Since the search space is quite large and the searching procedure can be quite long, it would be better to have a formal log format to record the experiment details for reproducibility and exchangeability. Currently I choose json format, and the detail is show as below:
- version: the log format version.
strategy: the quantization strategy.
- model_hash: the hash value of the model, can be used to verify whether the model match the strategy.
topology: the topology of the quantized model
- node_conds: which nodes will be quantized
- edge_conds: which edges will be quantized
- bits: number of bit on every edge.
- thresholds: threshold for every node output.
results: the result of experiment
- sim_acc: the accuracy of simulated model
After getting the best quantization strategy: topology, bits, thresholds realizing the simulated graph to the low-precesion quanitze graph is pretty stragiht-forward.

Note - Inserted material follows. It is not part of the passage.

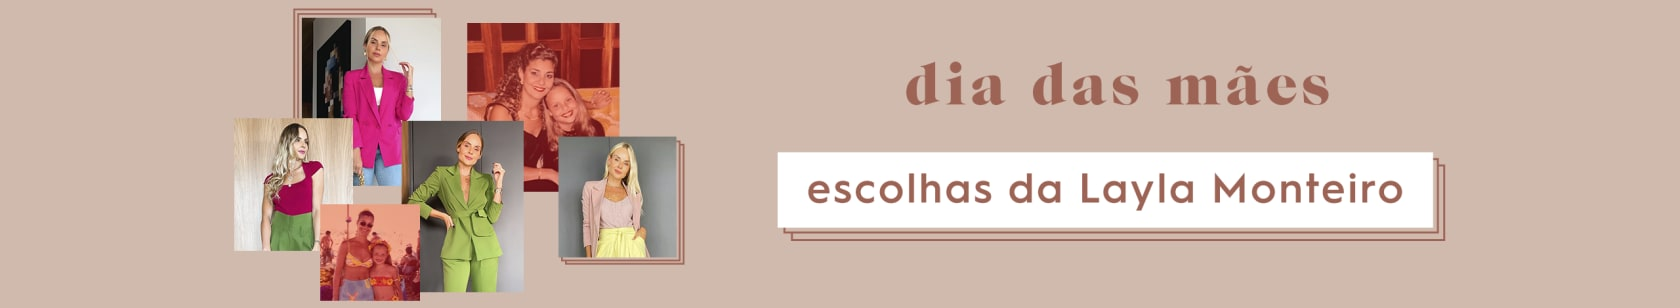 ESCOLHAS DA LAYLA MONTEIRO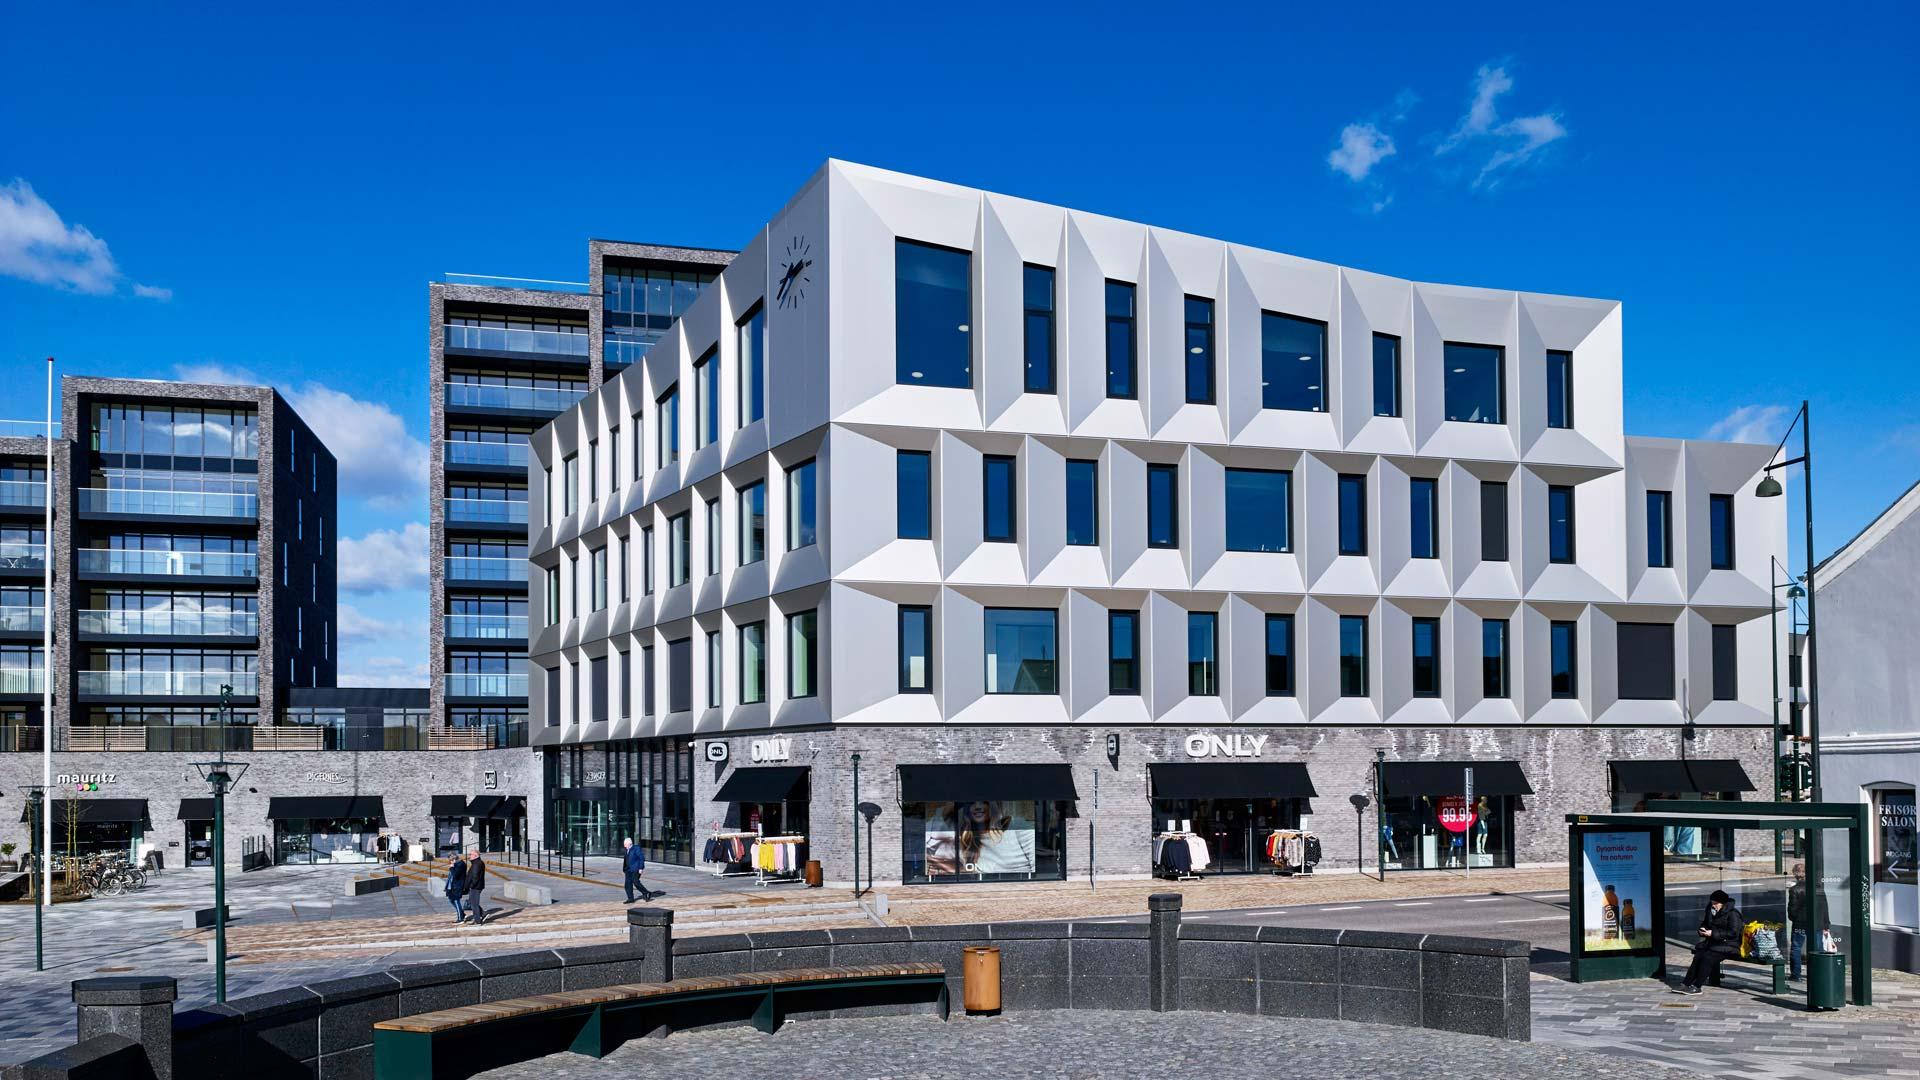 52f2790f08ab Rådhus-byggeri får Danmarks første grønne diamant - Building Supply DK

We just need to replace the SimQ op on every edge with low-precision integer operations.
The most painful thing is to debug where is wrong with my quantized model, since usually we only know that thefinal accuracy is pretty bad. I have implemented a
inspect_graph_statistic function to check statistic difference before and after quantizing layer by layer, so that I can locate where is wrong quickly. It is demonstrated quite helpful during my development.
from tvm import hago # ideally we will have predefined description for x86, arm, gpu and vta hardware = hago.create_sample_hardware() strategy, sim_acc = hago.search_quantize_strategy(graph, hardware, dataset) quantizer = hago.create_quantizer(graph, hardware, strategy) simulated_graph = quantizer.simulate() quantized_graph = quantizer.quantize()
I have made the whole pipeline worked and get a preliminary 68.7% result on resnet18_v1, noticed that here I did not skip the first convolution layer and only use power-of-two range instead of kl distance, there should be much more room to improve.